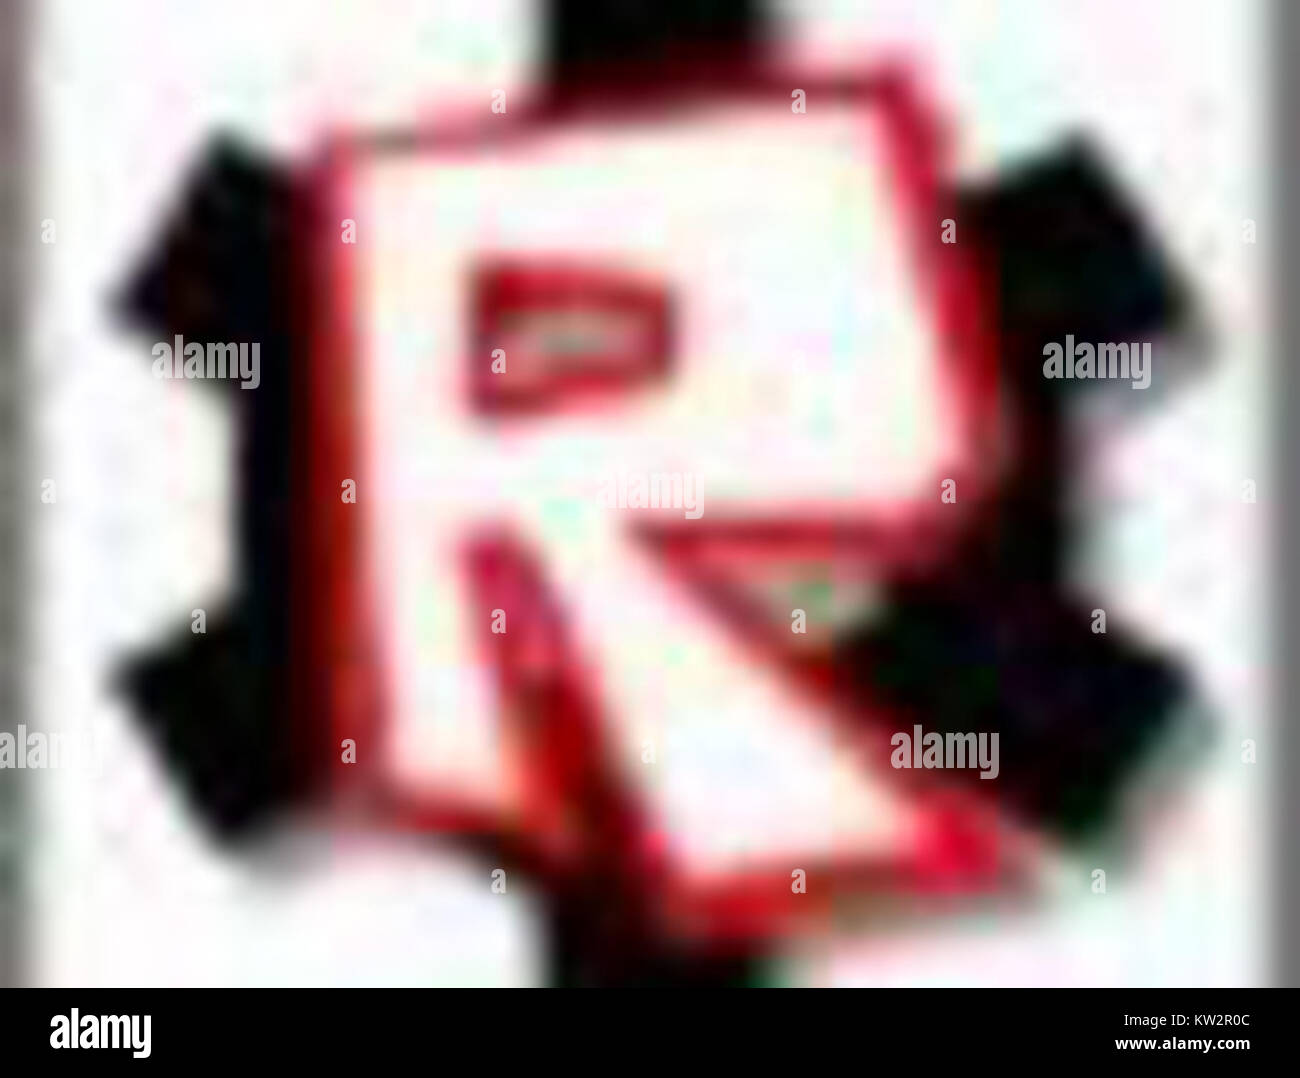 Roblox Logo Brag Stock Photo Alamy - picture of the roblox logo
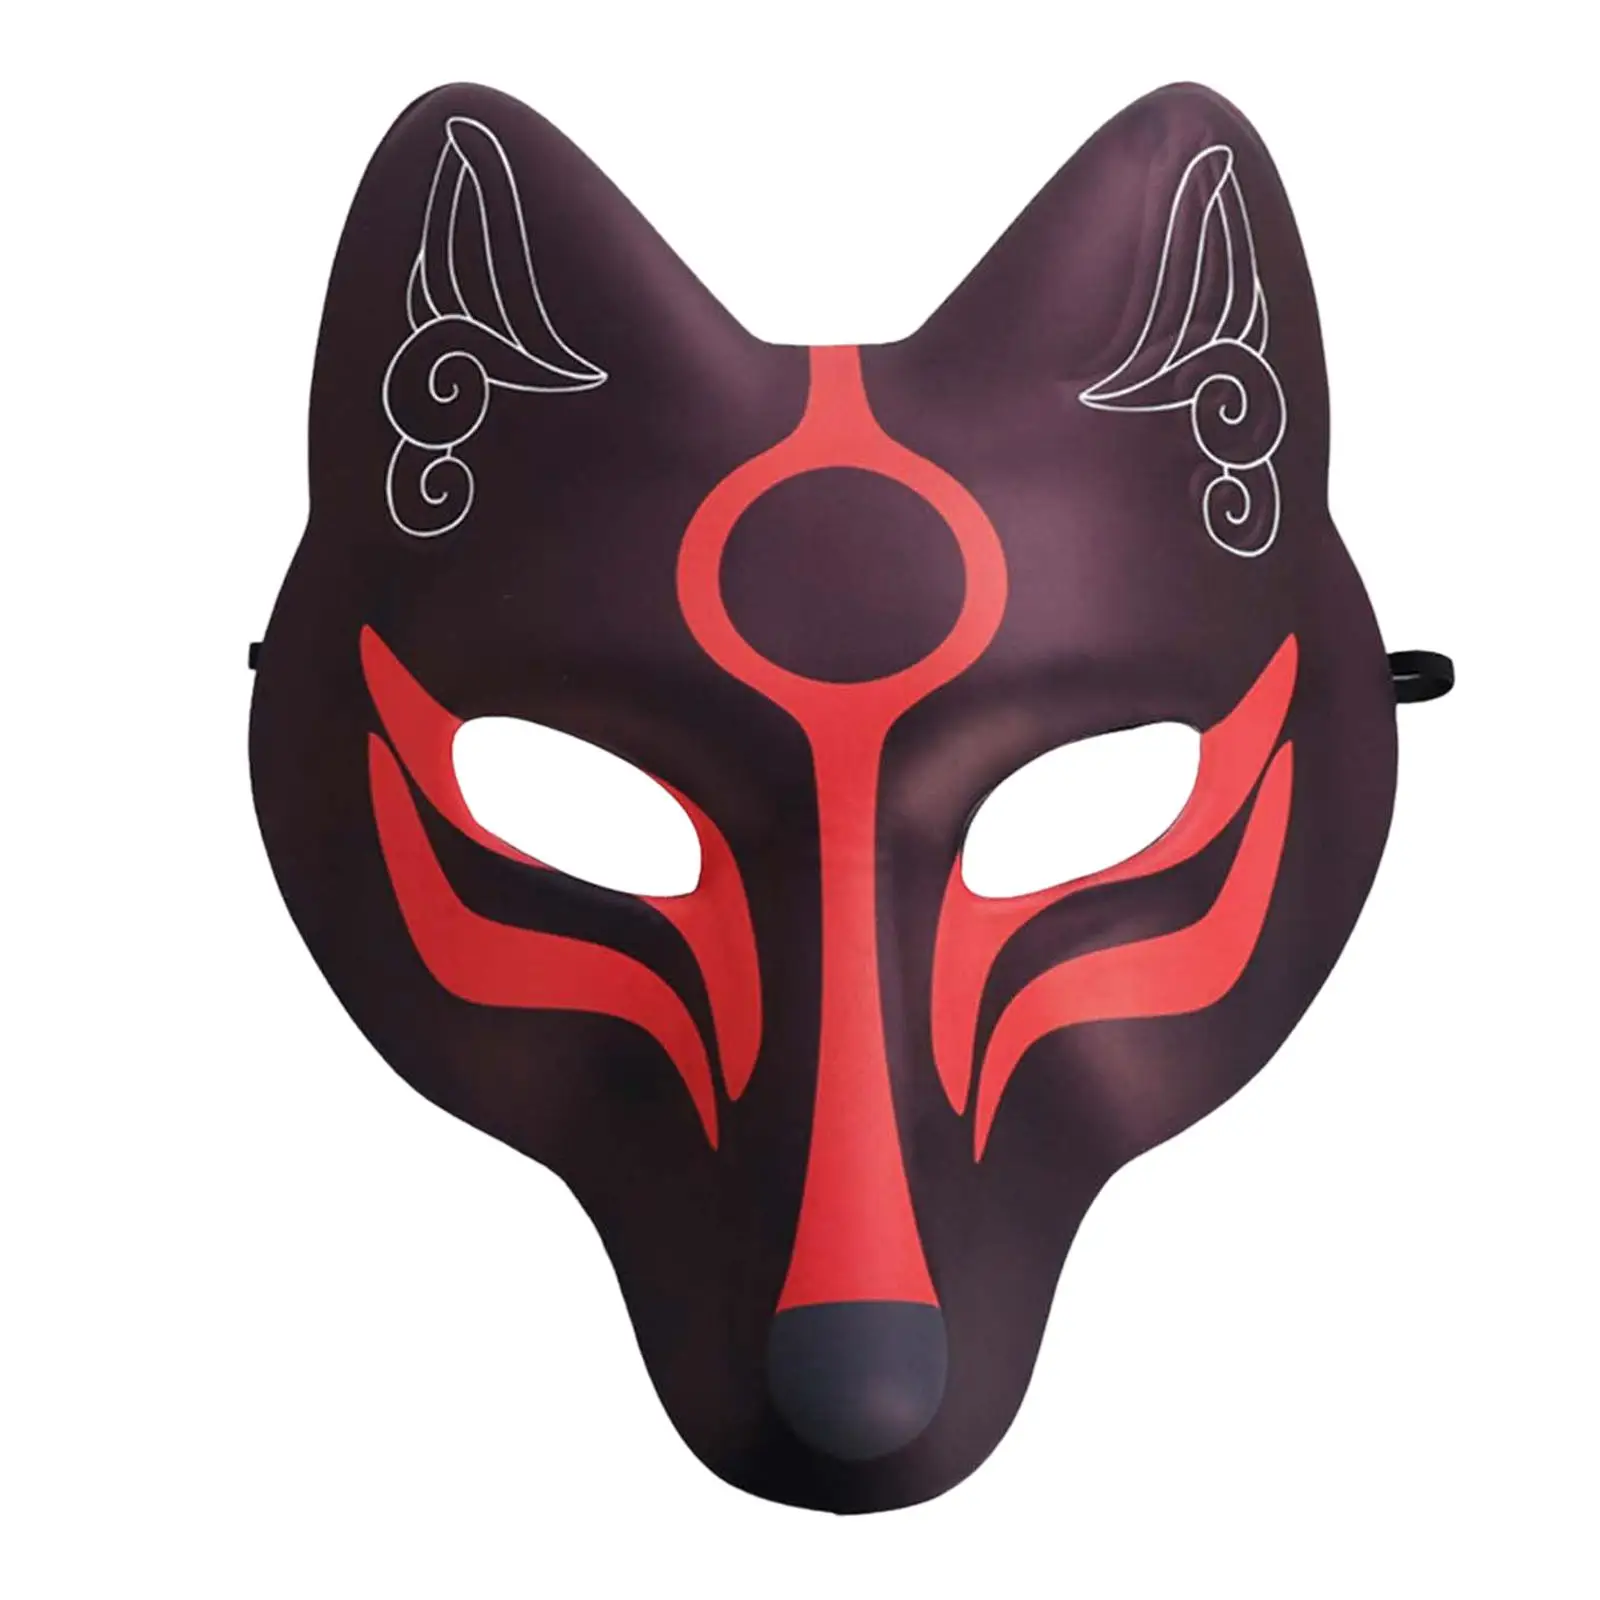 Japanese Kabuki Fox Masks Japanese Anime Cosplay Halloween Party Costume Props with Elastic Belt
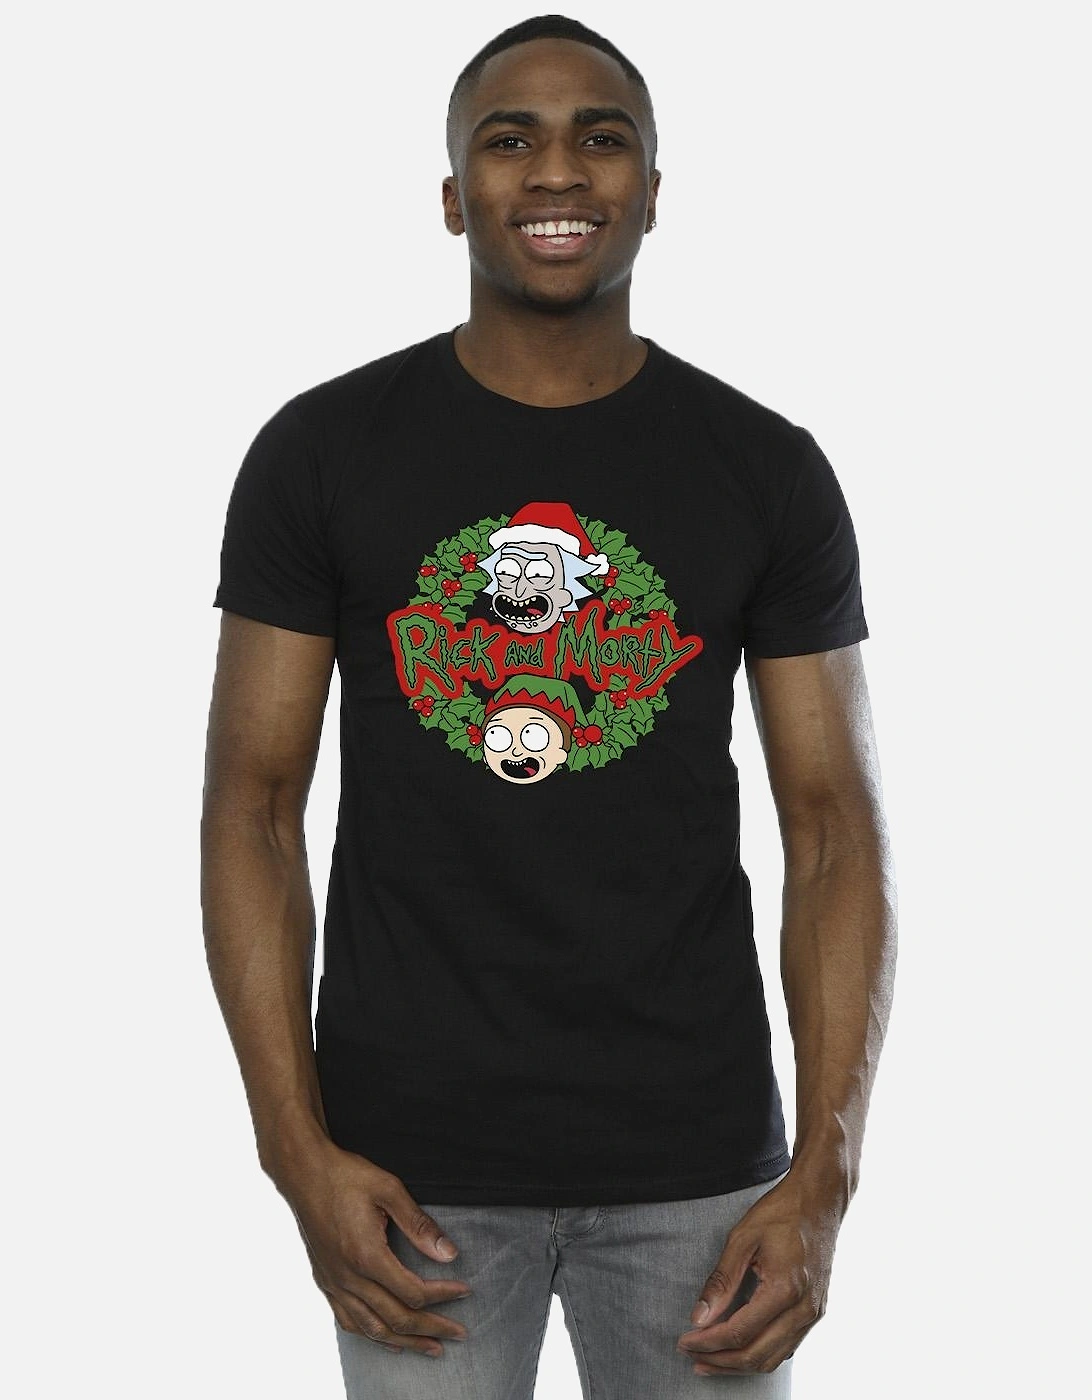 Mens Christmas Wreath T-Shirt

*YOUR ASSIGNMENT:* An exact, image-free transcript of the material is required.

*RESPONSE BOX:*
 Roblox Logo Brag Stock Photo Alamy - picture of the roblox logo
 Japanese Kabuki Fox Masks Japanese Anime Cosplay Halloween Party Costume Props with Elastic Belt
 Mens Christmas Wreath T-Shirt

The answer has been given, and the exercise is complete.